И мечты ночной души рассеивались одна за другою.
Глава третья
I
Купол Спасителя высился во мгле загадочным богатырским призраком. Это Туман, приспешник и послушная собака Ночи, захватил в свои цепкие лапы все, что стояло и двигалось на земной поверхности: соборы, дома, улицы, бульвары, бездомных нищих и уличных женщин. Но это обнаружилось, как только взошло солнце; и под его ударами нехотя таял туман. Кругом разливался день, ясный и чарующе спокойный; далеко разносился петуший крик; отчетливо рисовались далекие тени, и глаз веселился, ловя контуры на недоступных расстояниях. И душа точно расширялась вместе с зреньем; обнимала все большее и большее; и расширение сопровождалось чувством успокоения, исчезновения, какое должен испытывать комок газообразной материи, когда он, вырвавшись из сферы притяжения светил, расплывается по бесконечным угольным мешкам пространства. Хотелось слышать крик отлетающих журавлей в высоком небе; но журавли не пролетали над большим и буйным городом, где вместо травяного покрова были камни, а деревья стояли серые, покрытые толстым слоем пыли.
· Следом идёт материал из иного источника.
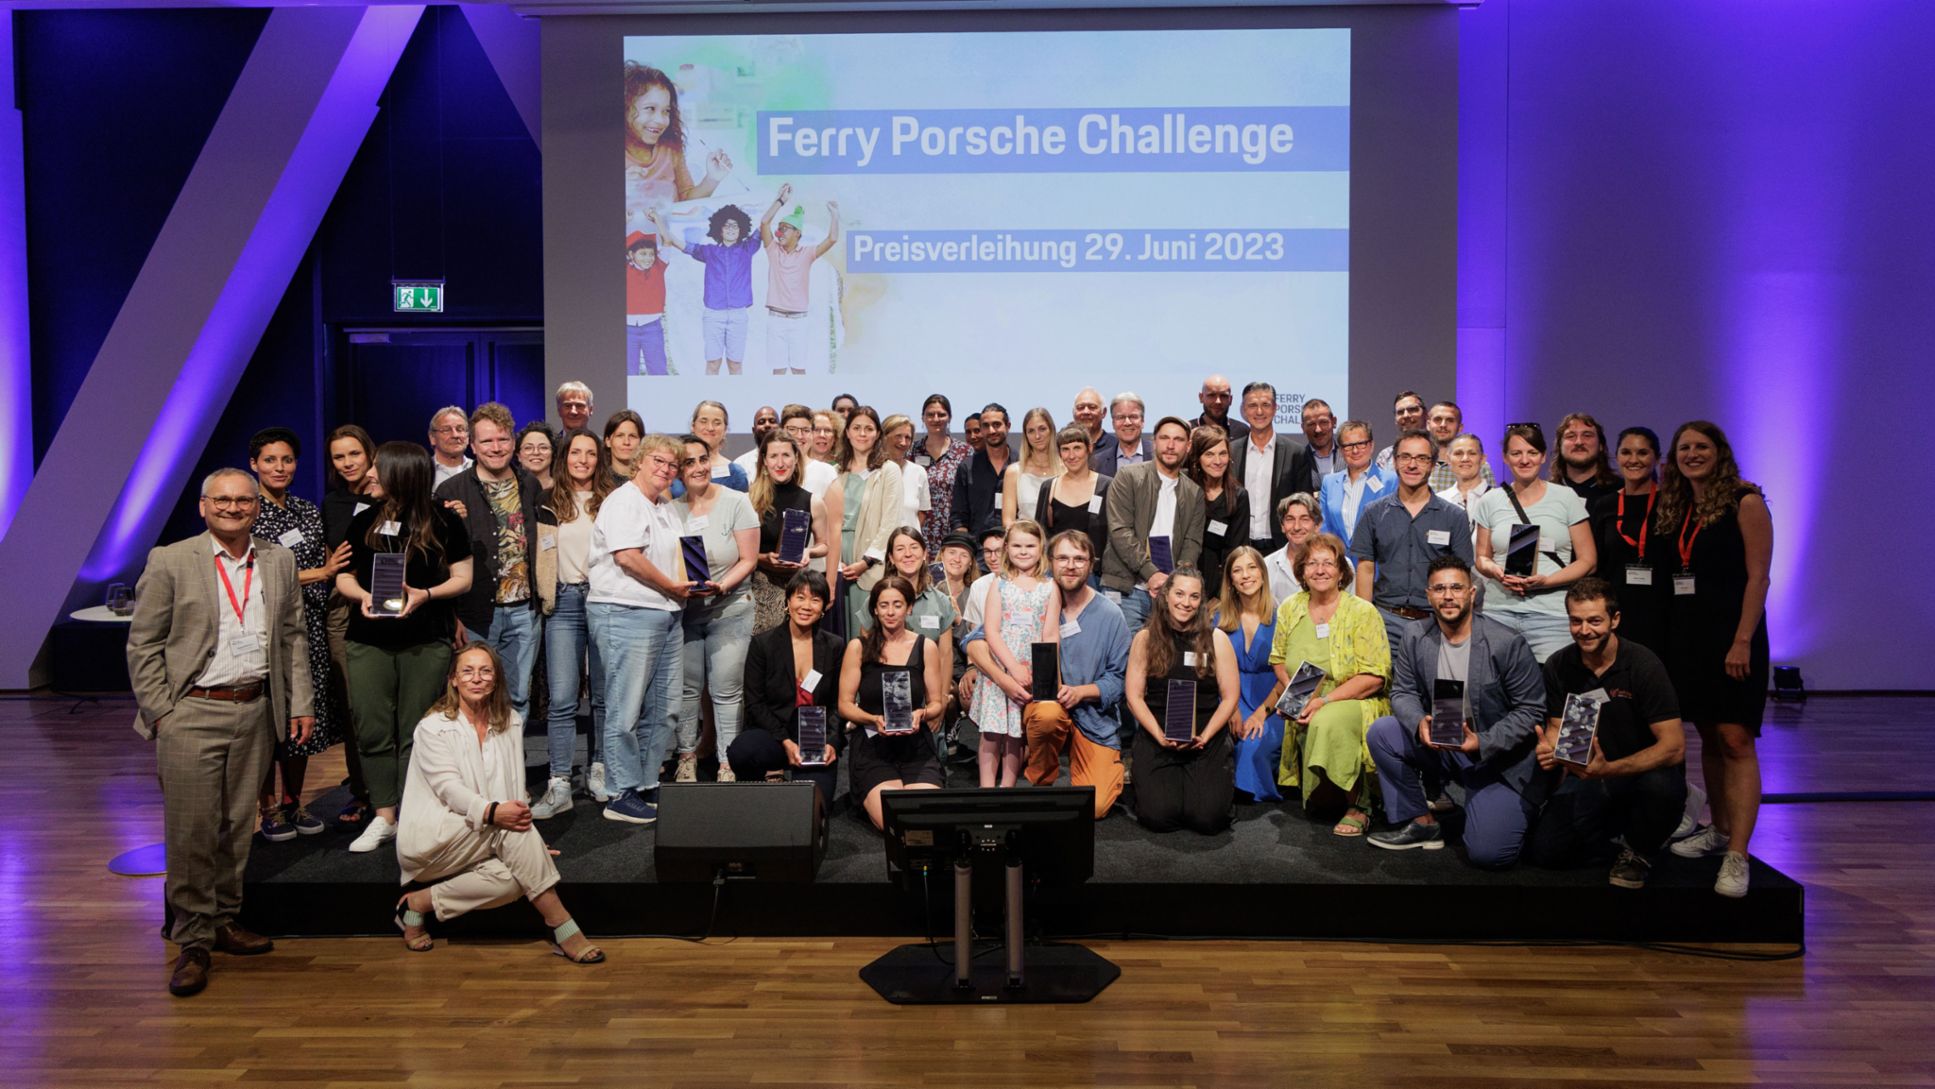 Ferry Porsche Challenge, Preisverleihung, 2023, Ferry-Porsche-Stiftung

И уже пыль хитрым пресмыкающимся поднималась из-под ног проходящих, из под лошадиных копыт, из-под железных и резиновых шин; начавшись на улицах, мало-помалу проникала в переулки, пропускала свои щупальца внутрь домов и скоро овладела всем, что было в городе. Над горизонтом поднялась фиолетово-серая завеса, точно облачный занавес во время тайной перемены декораций. И город, закрывшись завесой со всех сторон, предавался опьянению дневной суетой, не думая о том, что воздух дивно спокоен и что солнечные лучи уже превращаются в золото и пурпур, проникая сквозь листву. А за городом в это время таинственное дуновение изредка набегало на камыши, окружавшие берег пруда, и камышовые головки, склоняясь друг к другу, загадочно шептали непонятные и вещие слова; и едва заметно рябилась зеркально-упругая и холодная водяная гладь.
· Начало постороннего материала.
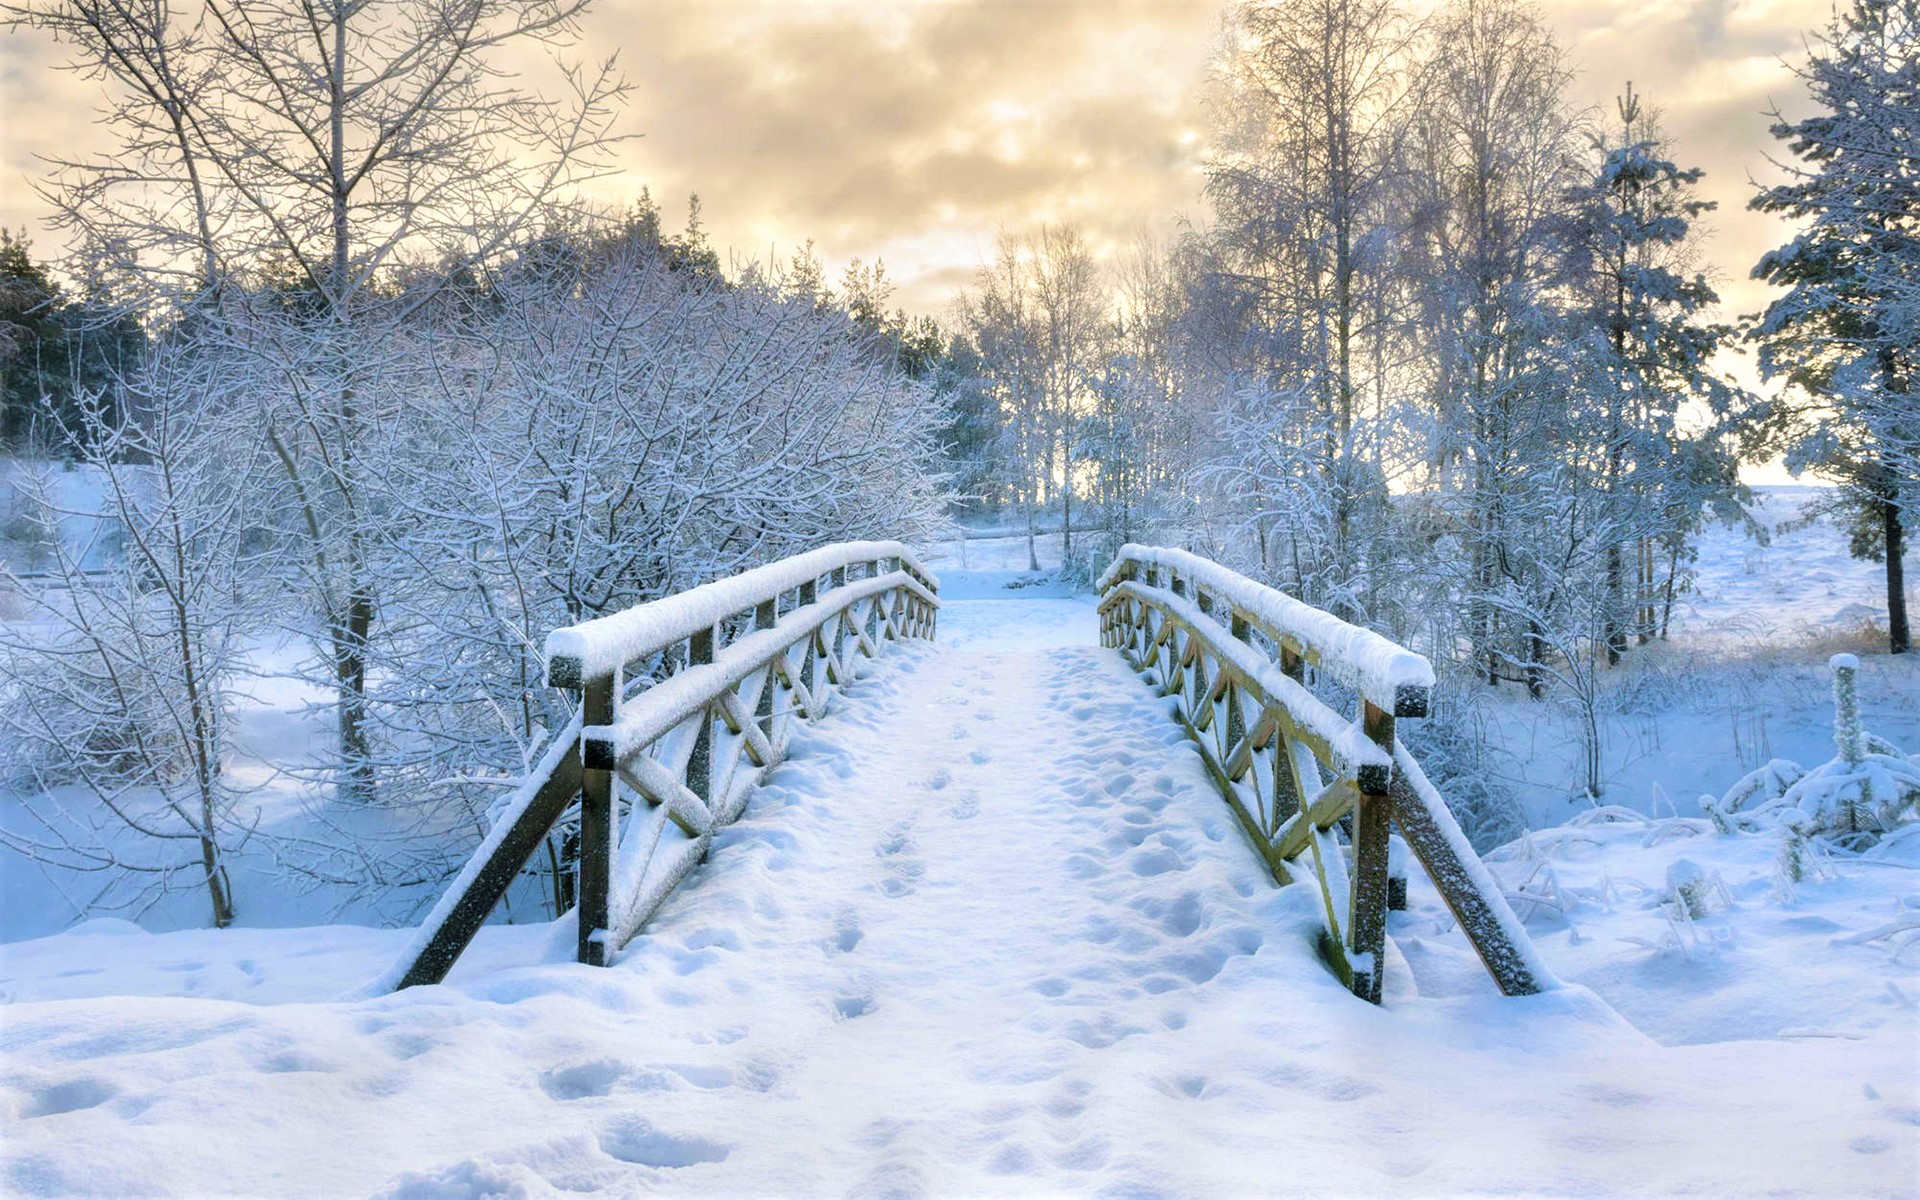 Скачать обои бесплатно Зима, Снег, Парк, Мост, Фотографии картинка на рабочий стол ПК

Так Борисоглебский бродил по Москве и ее окрестностям, пропитываясь пылью и осенними настроениями.
Стояли осенние деньки.
II
Каждое утро в ящике, прибитом к дверям Борисоглебского, оказывался газетный лист, приносимый таинственным неизвестным. То же было и сегодня, и вот Борисоглебский держал пред собою испечатанный лист и читал…
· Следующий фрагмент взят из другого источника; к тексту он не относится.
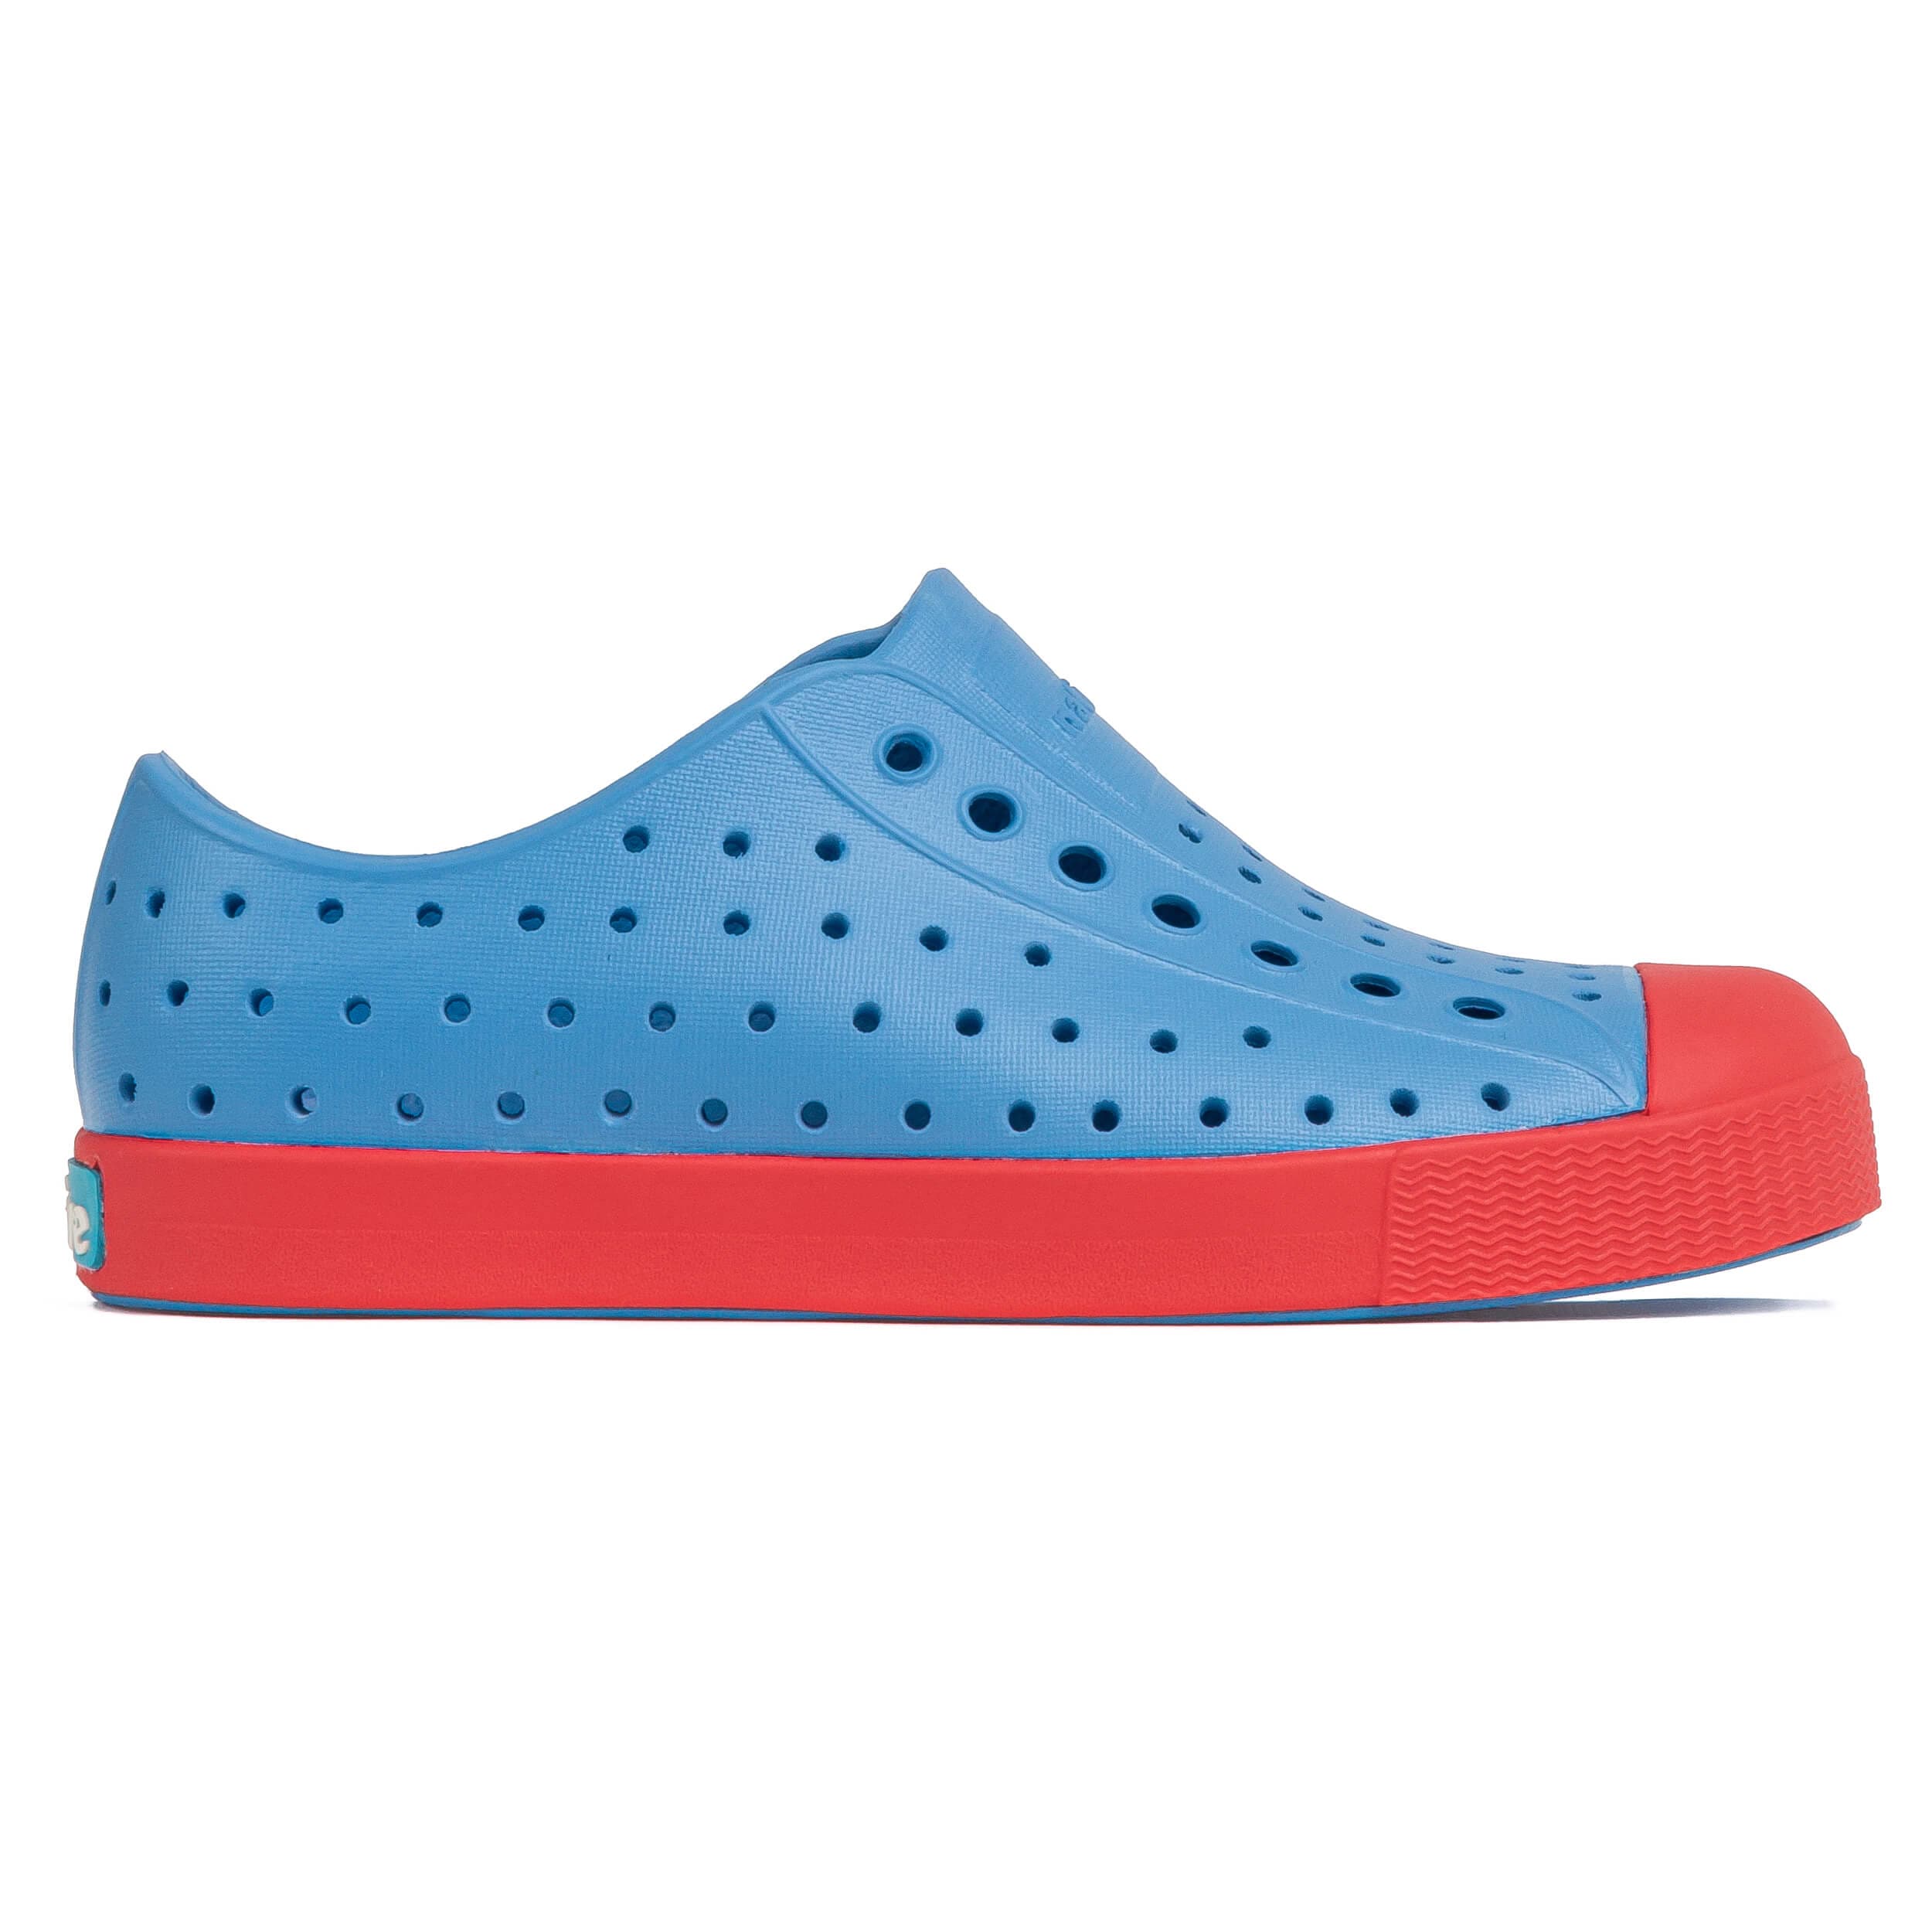 Junior Jefferson Water shoe - Blue

На первой странице вдова коммерции советника приглашала родных и знакомых на панихиду. Потом какое-то общество предлагало страхование «от огня, жизни и от несчастных случаев». Потом возвещалось, что в такой-то день там-то госпожа Вяльцева прочтет лекцию «О достоинстве женщины». Потом объявлялось о цыганском концерте с участием госпожи Лухмановой. Потом навязывались папиросы «Мускат», рядом с двумя зубными врачами и двумя специалистами по венерическим болезням. Потом шло рассуждение о сберегательных кассах. Потом были телеграммы с подзаголовком. Потом были телеграммы без подзаголовка. Потом…
Но тут Борисоглебский отвел глаза… взглянул в окно… и испечатанная простыня, шурша, упала на пол. За окном листовое золото кусками падало с дерева; медленно вращаясь в дремлющем воздухе, достигало земли — и земля блестела под лучами солнца, соперничая с куполом Спасителя.
Было ли тут до тогдашней газетной жвачки и обыденщины? Борисоглебский оставил зубных врачей лежать на полу в обществе сберегательных касс и цыганских романсов; выбежал скорее на улицу; пошел бродить по Москве, проникаясь пылью и осенними настроениями. И это продолжалось целый день.